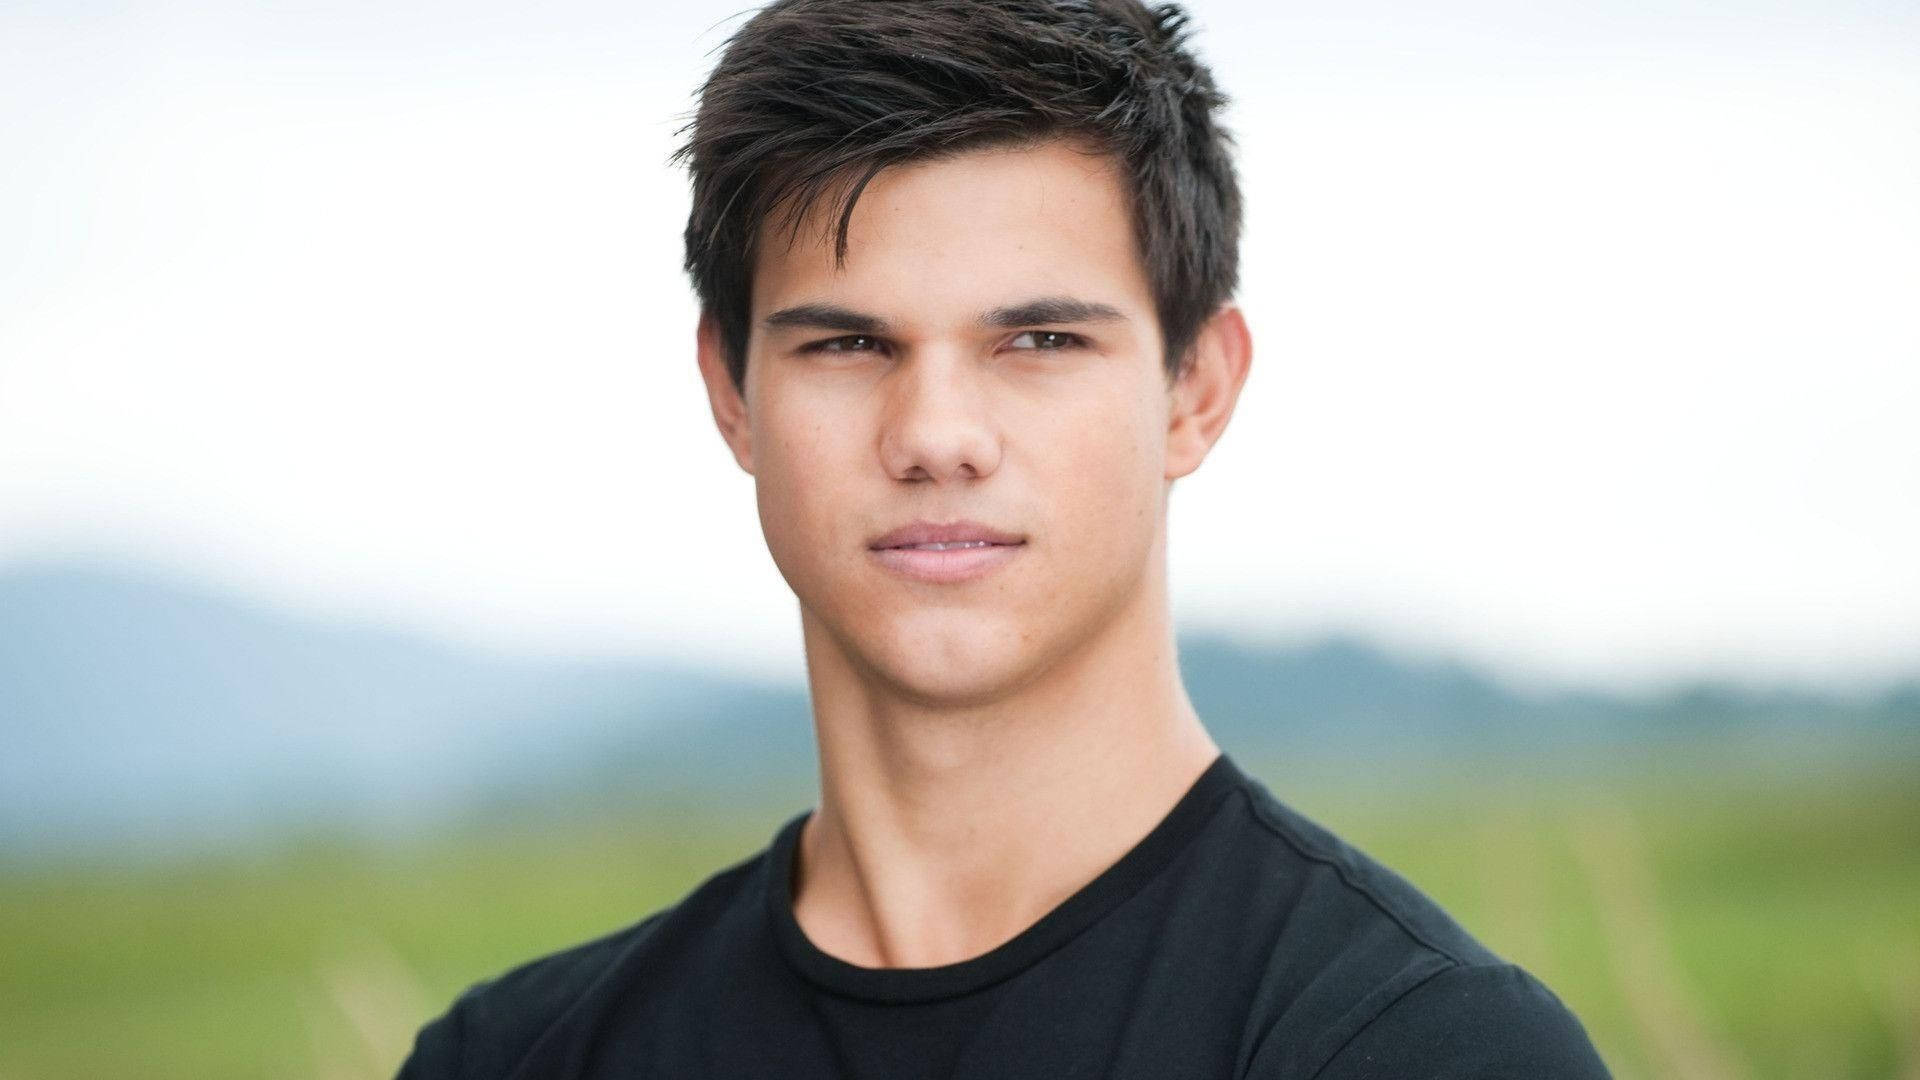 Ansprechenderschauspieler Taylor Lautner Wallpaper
--
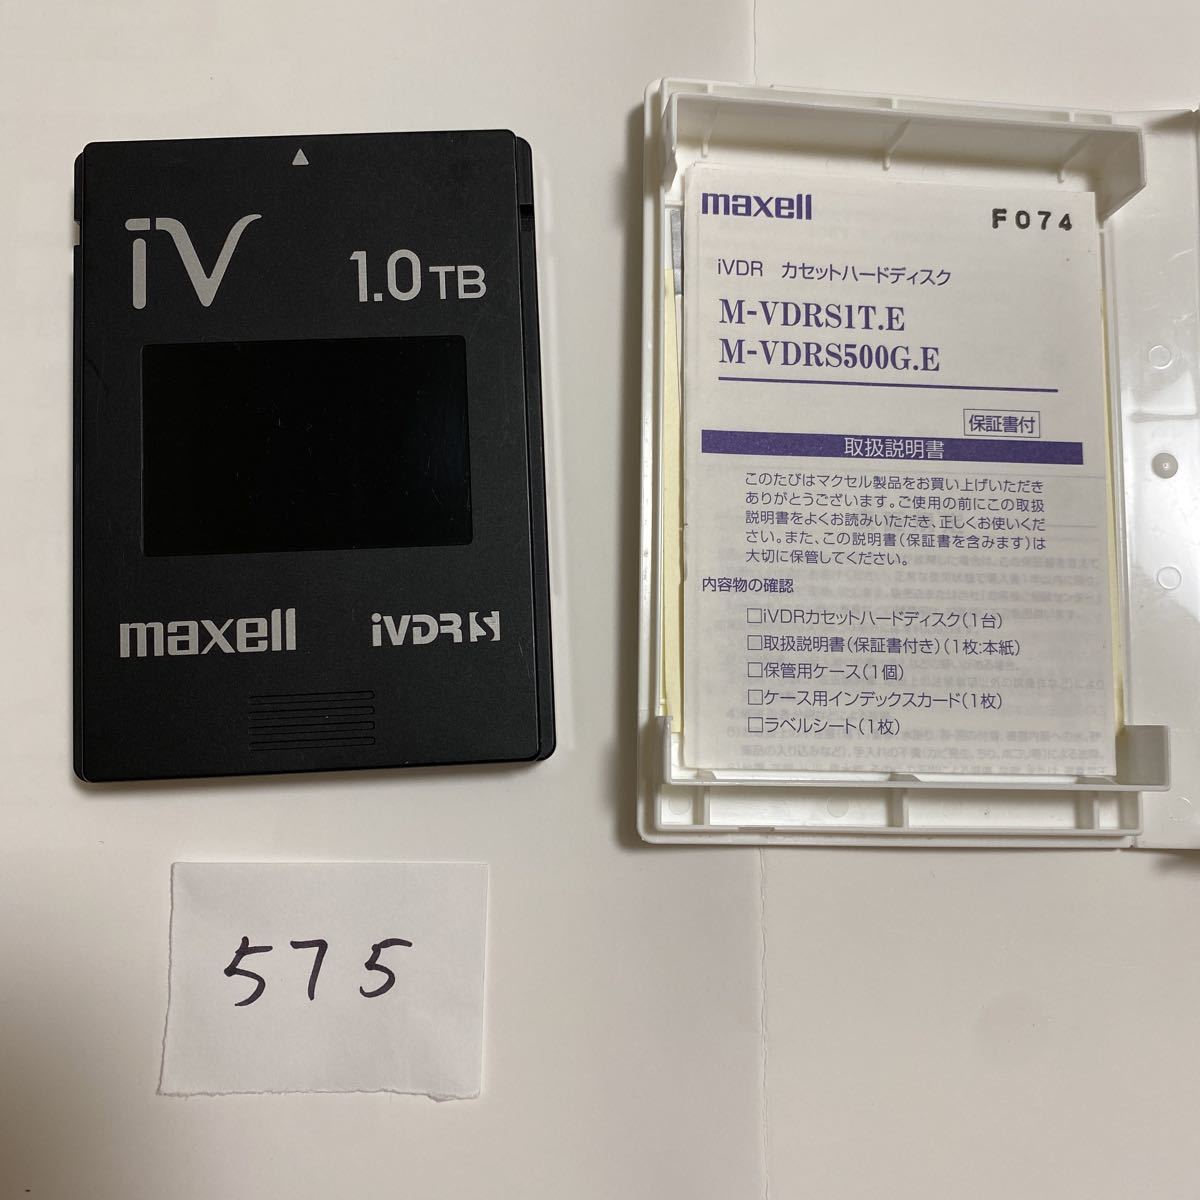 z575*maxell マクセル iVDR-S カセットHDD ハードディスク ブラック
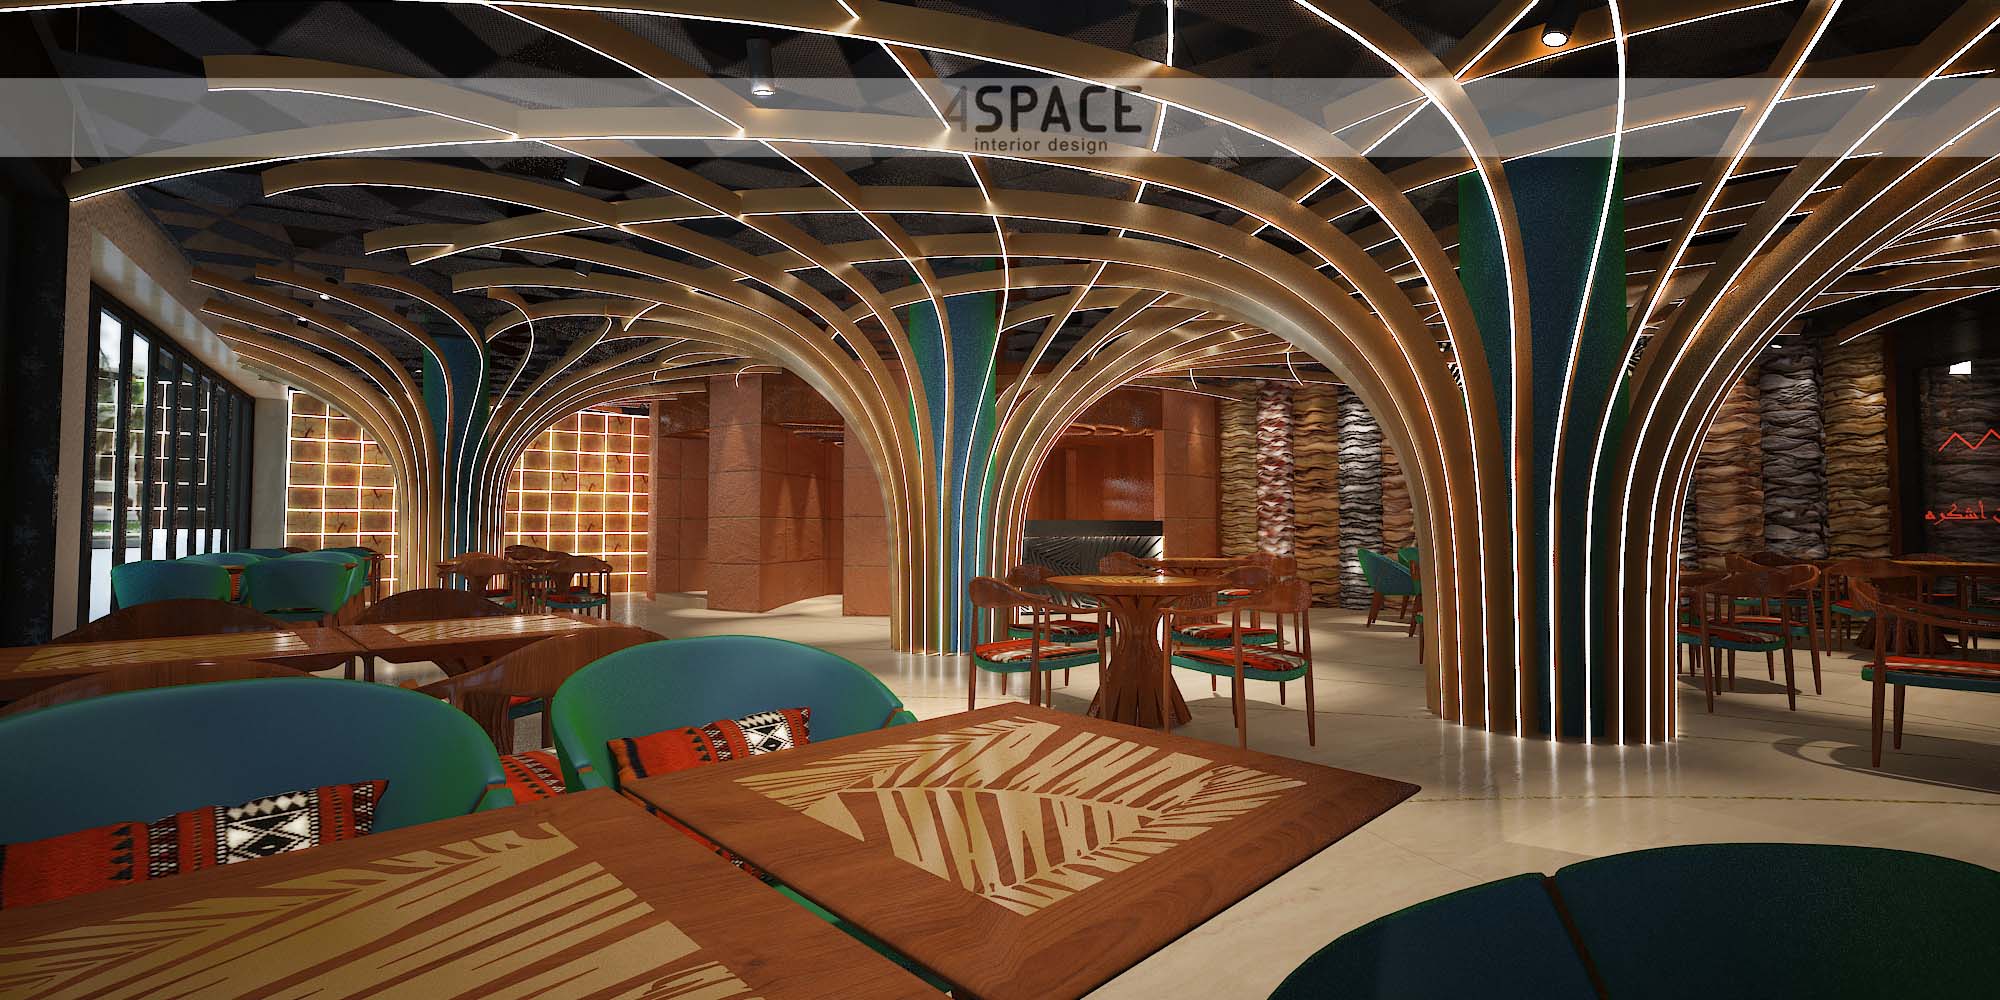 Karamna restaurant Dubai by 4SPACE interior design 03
--
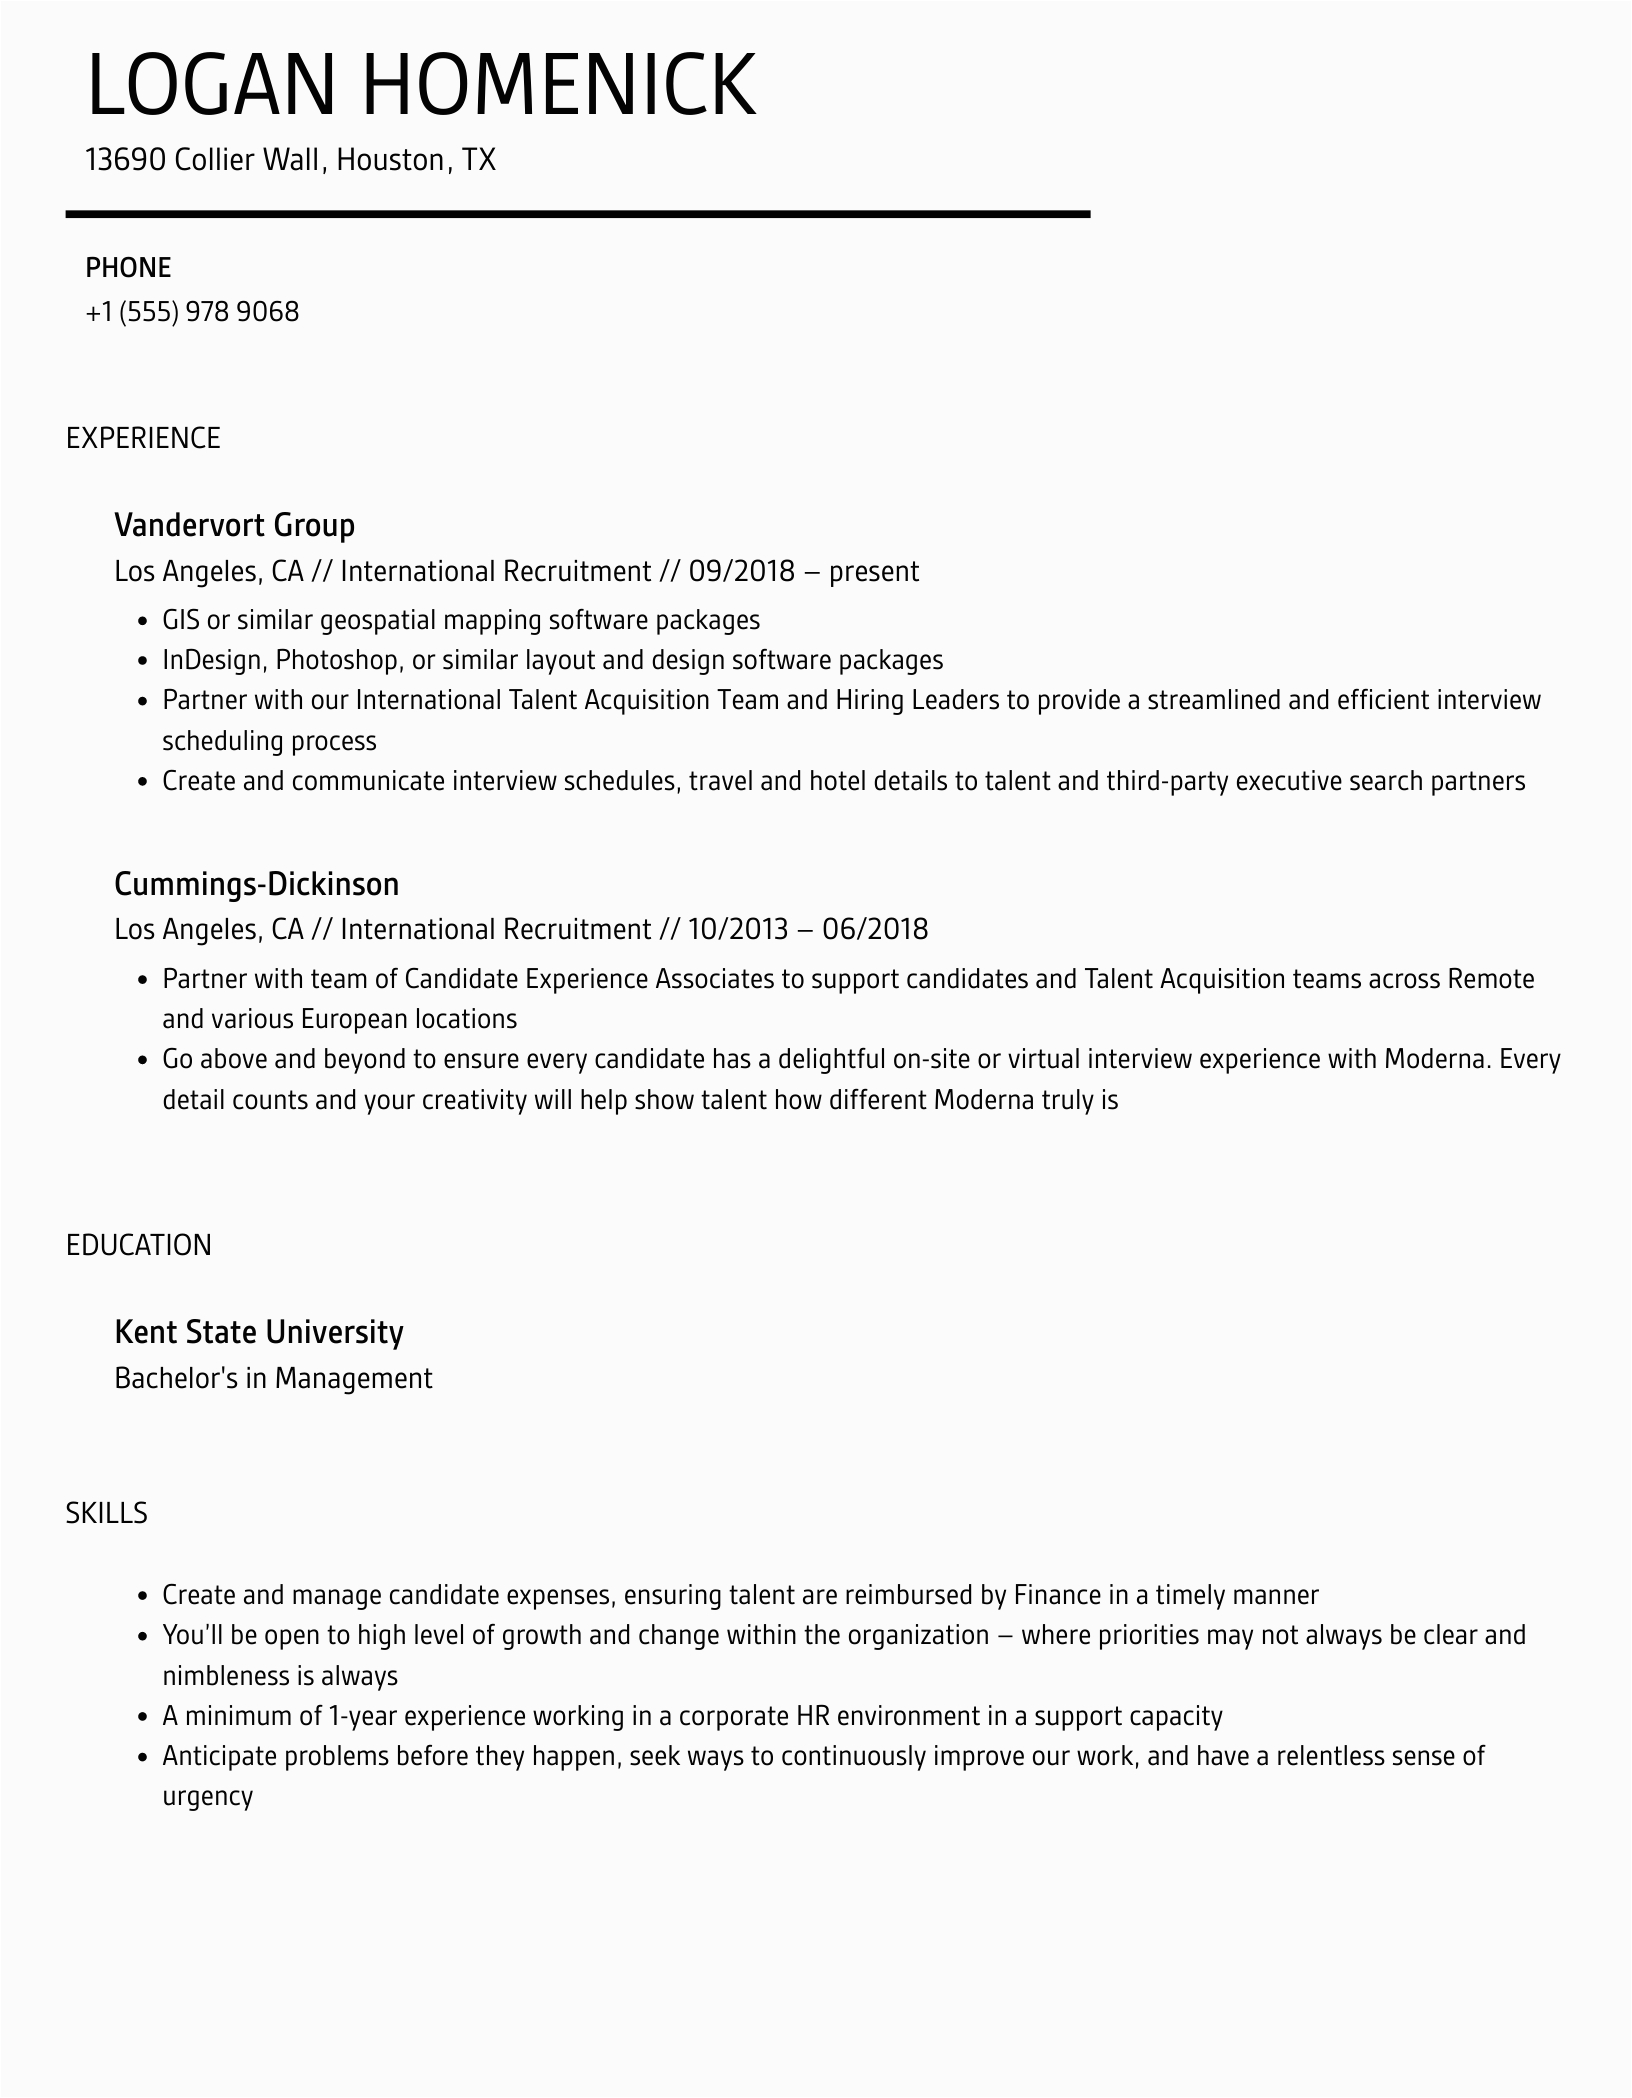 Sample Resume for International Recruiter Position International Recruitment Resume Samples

*WHAT THE EXERCISE ASKS:* Range to copy from the listing above: the line containing "z575*maxell マクセル iVDR-S カセットHDD ハードディスク ブラック" down to the line containing "Karamna restaurant Dubai", both included. Reproduce it exactly, minus the pictures, and add nothing.

*RESPONSE BOX:*
 z575*maxell マクセル iVDR-S カセットHDD ハードディスク ブラック
 Karamna restaurant Dubai by 4SPACE interior design 03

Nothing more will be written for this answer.